Moonlit hunger

From the wild darkness of the moor the howling hound is heard. The moon in its second quarter and follows with its shadow a young maiden running barefoot through the heather.  

The hound is waiting, wrapping himself around the granites and schists.

Of my dark and stubborn country, nothing worse can be said than the hunger of its dogs.

In the morning, as the moor is awakened to a pale sun and bumblebees are seeking the nectar of heather, a murder of crows are picking the bones of yet a lamentable lass. 

In my lap the dog is resting, sated, content but tired after the hunt. Tonight I will go down to the village to tempt the barmaid to follow me out for a walk.

My pack is always hungry and after the war there are too many girls for the boys that survived.

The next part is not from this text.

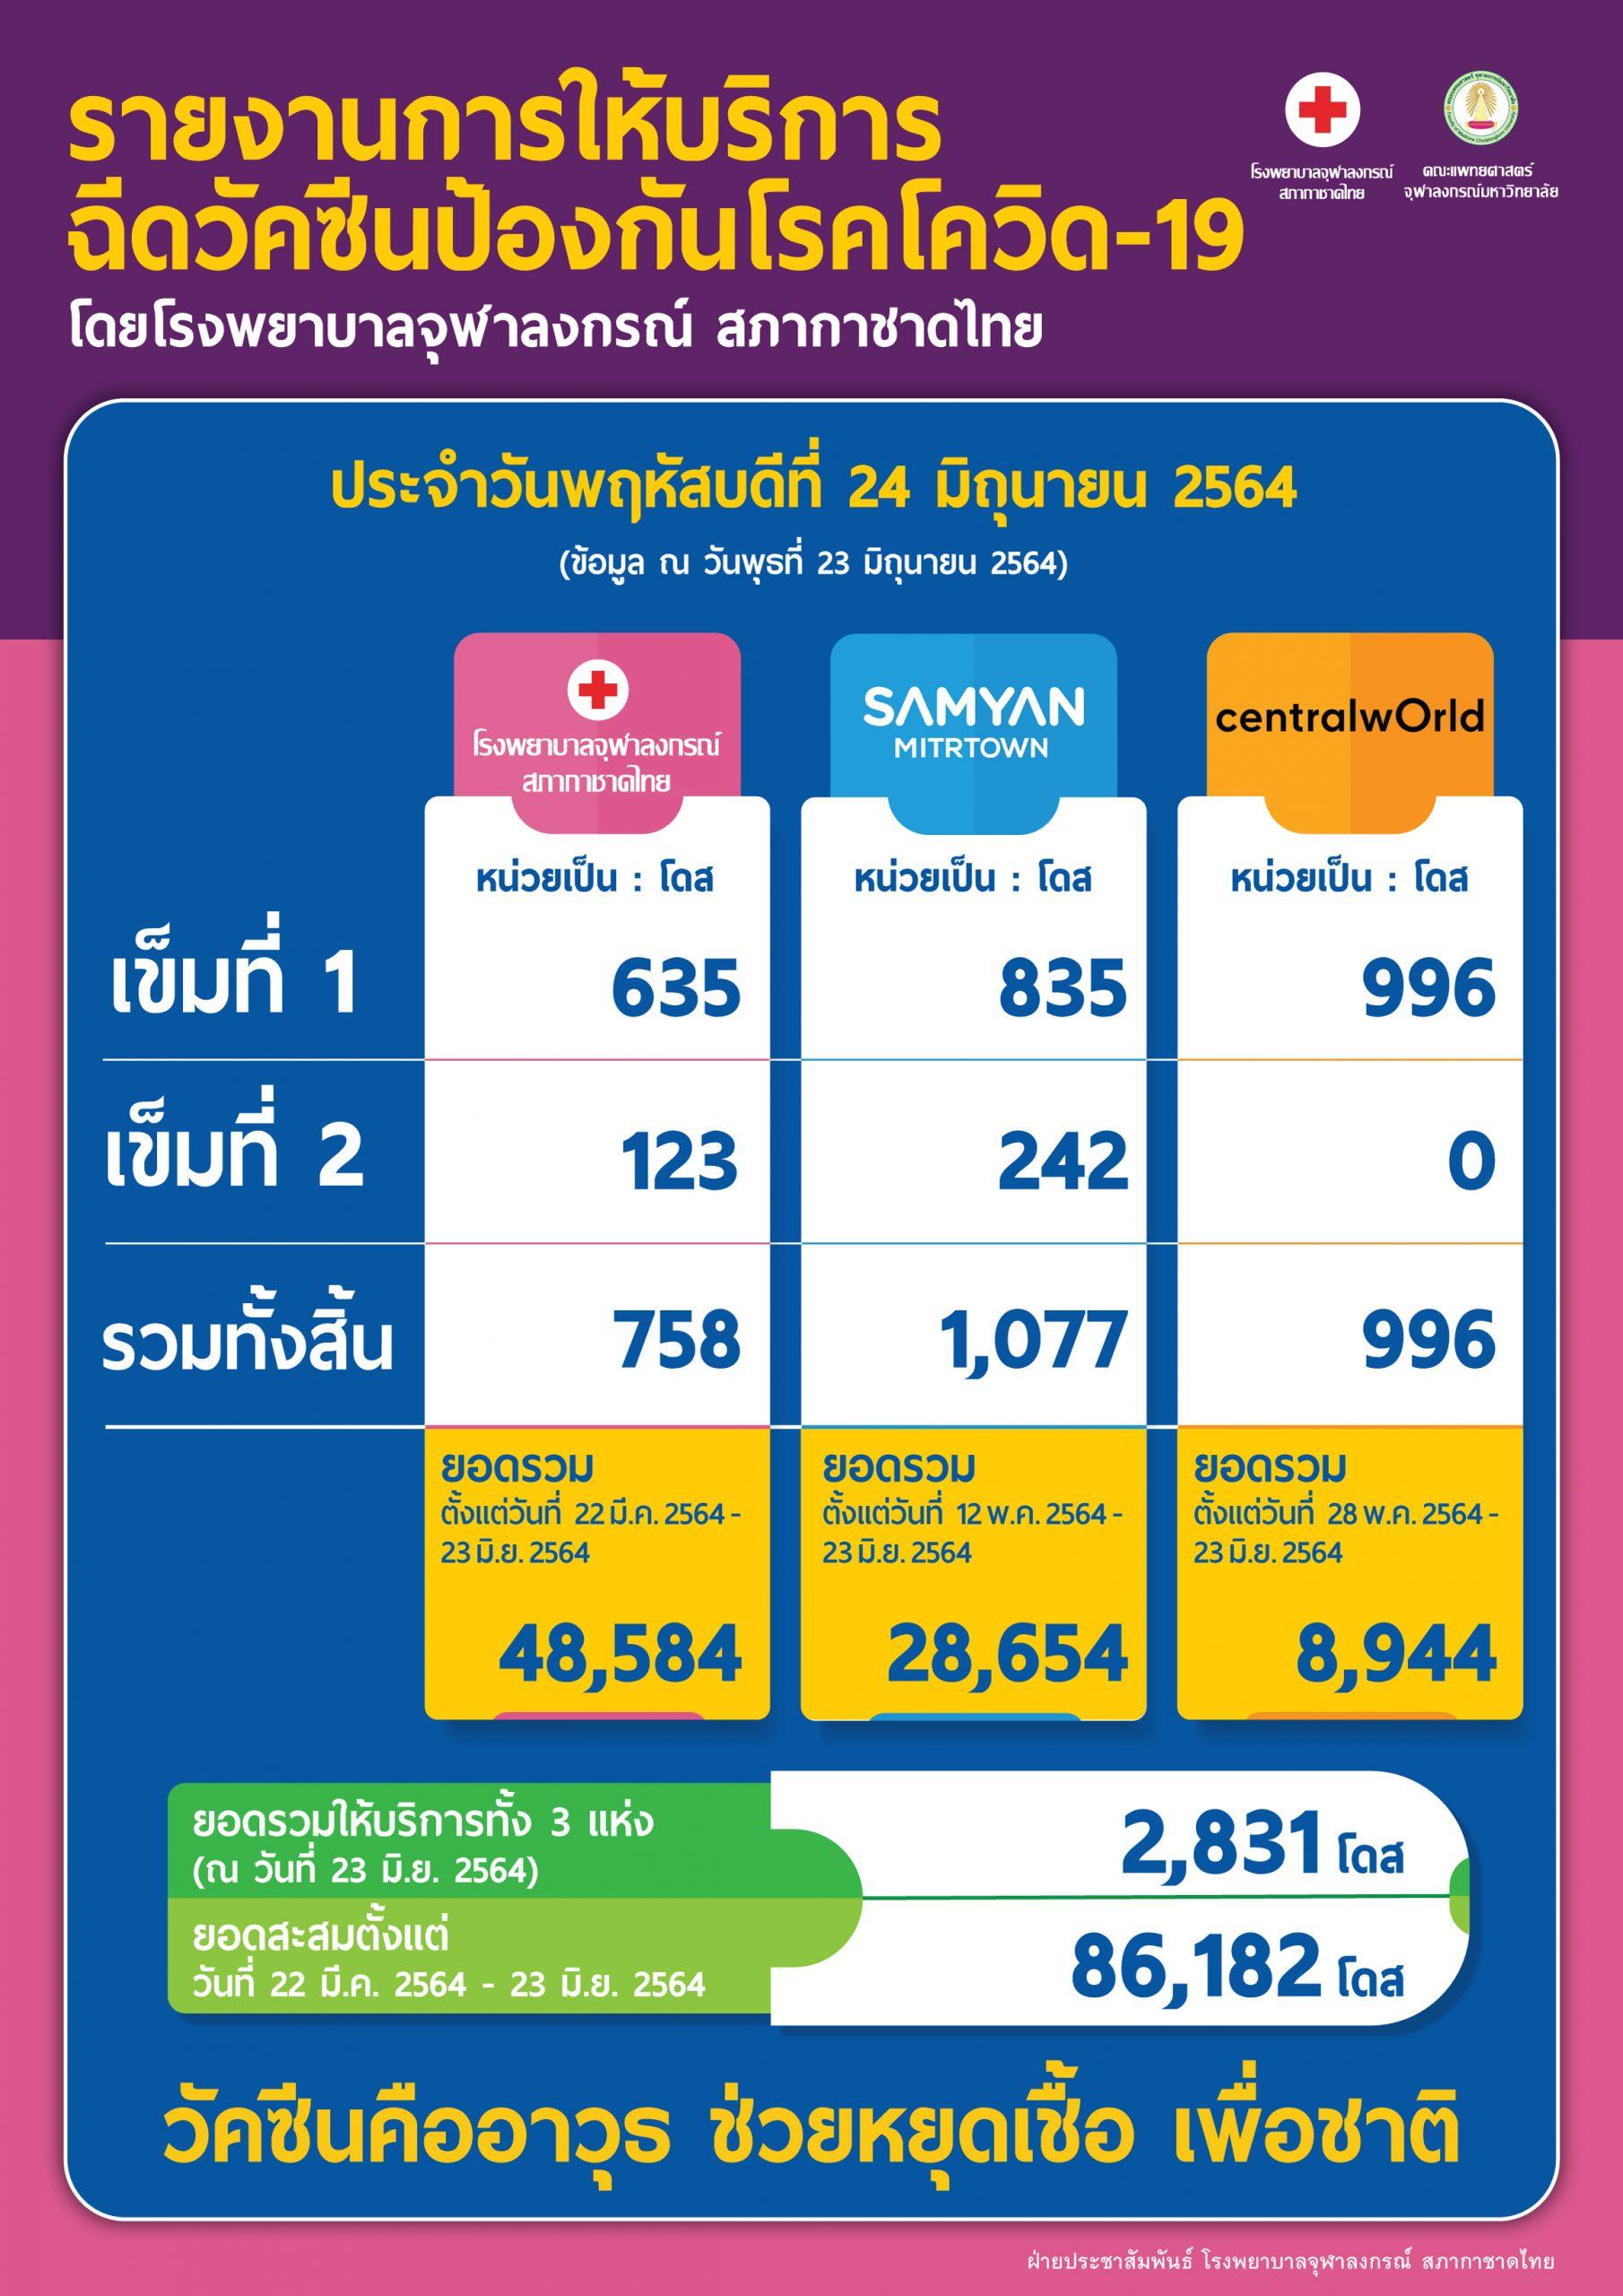 รายงานการให้บริการ ฉีดวัคซีนป้องกันโรคโควิด-19 โดยโรงพยาบาลจุฬาลงกรณ์ สภากาชาดไทย ประจำวันพฤหัสบดีที่ 24 มิถุนายน 2564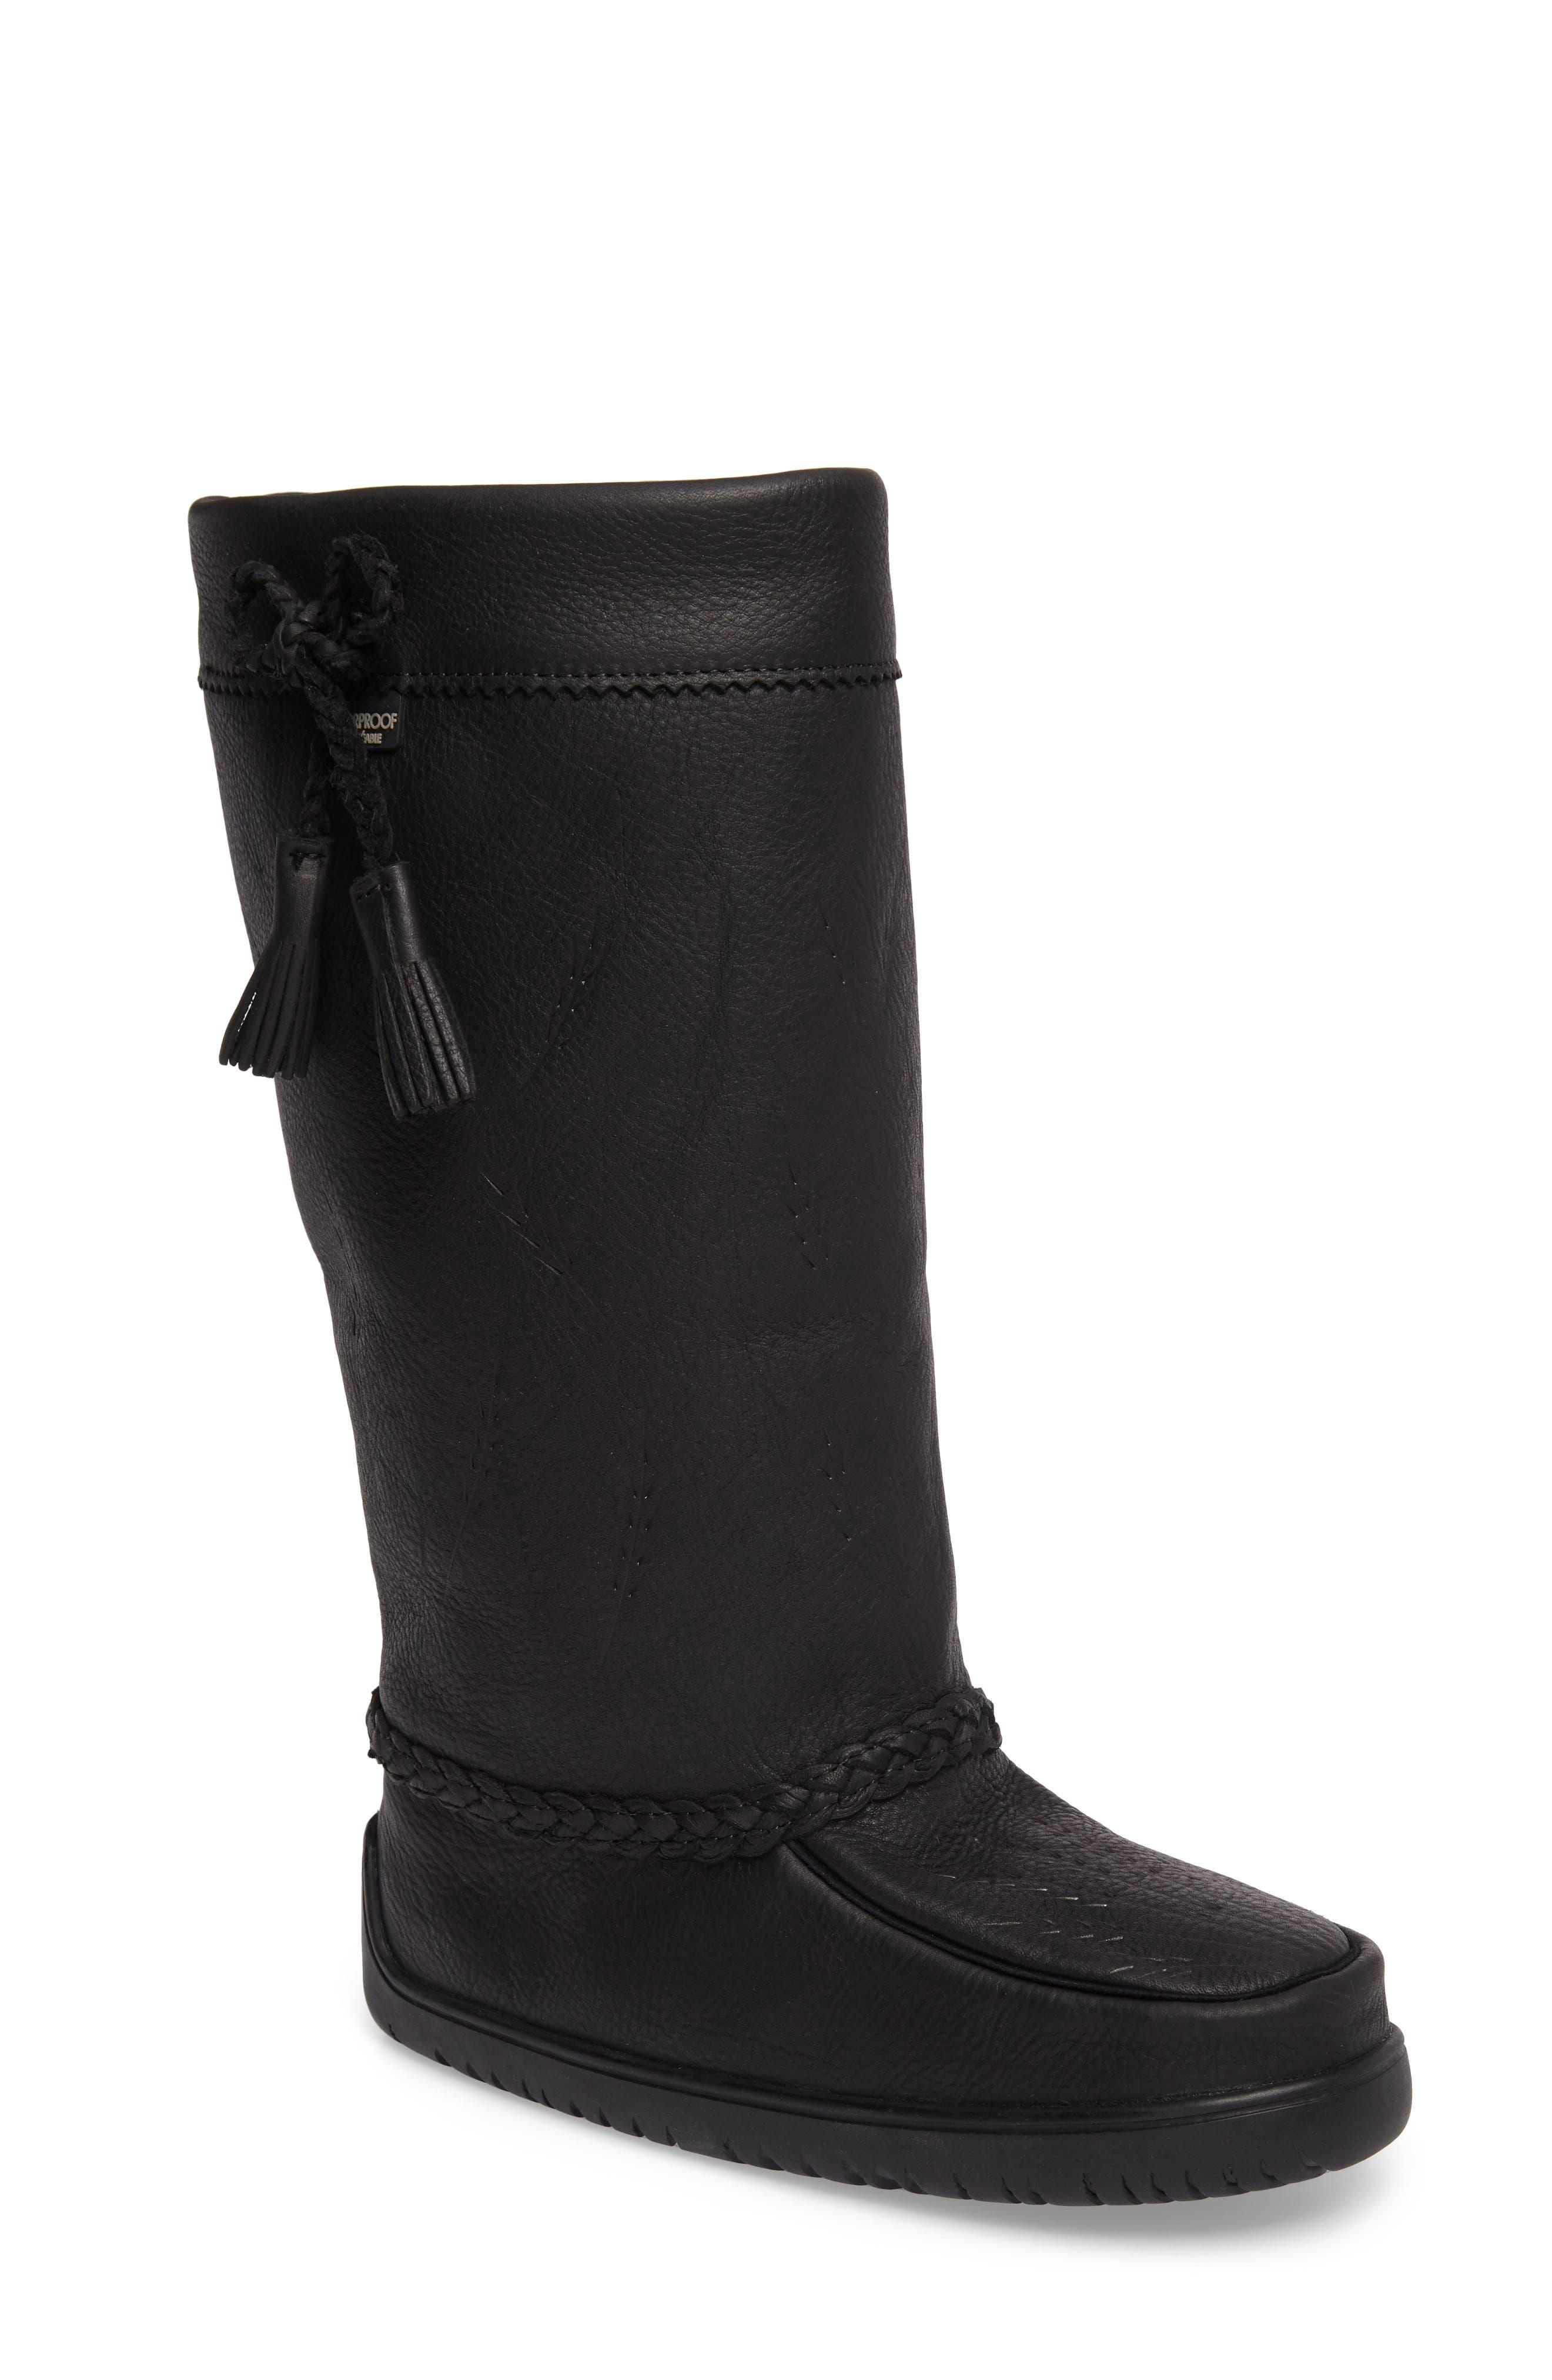 Alternate Image 1 Selected - Manitobah Mukluks Tamarack Waterproof Genuine Shearling Boot (Women) (Wide Calf)

“Fighting dogs getting wind” by Sir Edwin Henry Landseer. (https://www.artsheaven.com/sir-edwin-landseer-fighting-dogs.html

Today it is time for prosery at dVerse with Merril hosting ,the selected line for us to use in a piece of prose is:

“The granites and schists
Of my dark and stubborn country.”

Nan Shepherd, “The Hill Burns”
from In the Cairngorms (Edinburgh: The Moray Press, 1934)
https://www.scottishpoetrylibrary.org.uk/poem/hill-burns/

December 8, 2025

28 responses to “Moonlit hunger

  1. Oh–you’ve written horror! Perfect for this wintry season, even if it takes place in summer. I could imagine this as part of a larger piece. Well done, Björn, even if it makes me feel kind of nauseated. 😂

    The title is a Björn title, too.

  2. My first question, when he says, “my pack,” is that he is a werewolf and is left out of the hunt because the moon isn’t full, but he joins them when it is. If true, his psychopathic rationalization might make sense.

    Perhaps the most chilling aspect is … forget it, it’s all too danged chilling! Good and scary story, Bjorn.

  3. EEEEEOW! You’ve gone to the dark side with this one. You’ve set the mood well in the first paragraph. The story flows from there…the line used well here. And then the image created in my mind with the “murder of crows” is only a tad bit more awful than the image of the dogs you’ve used to illustrate the story. Well done!

  4. Oooh-er Björn! You need to take a trip to Tenerife and get out into the light! Horrific if admirably written…

  5. Wow! Packed with not one powerful punch .. the entire poem. Darkness yes, I can barely make out the pack of dogs however I can sense their every horrific move!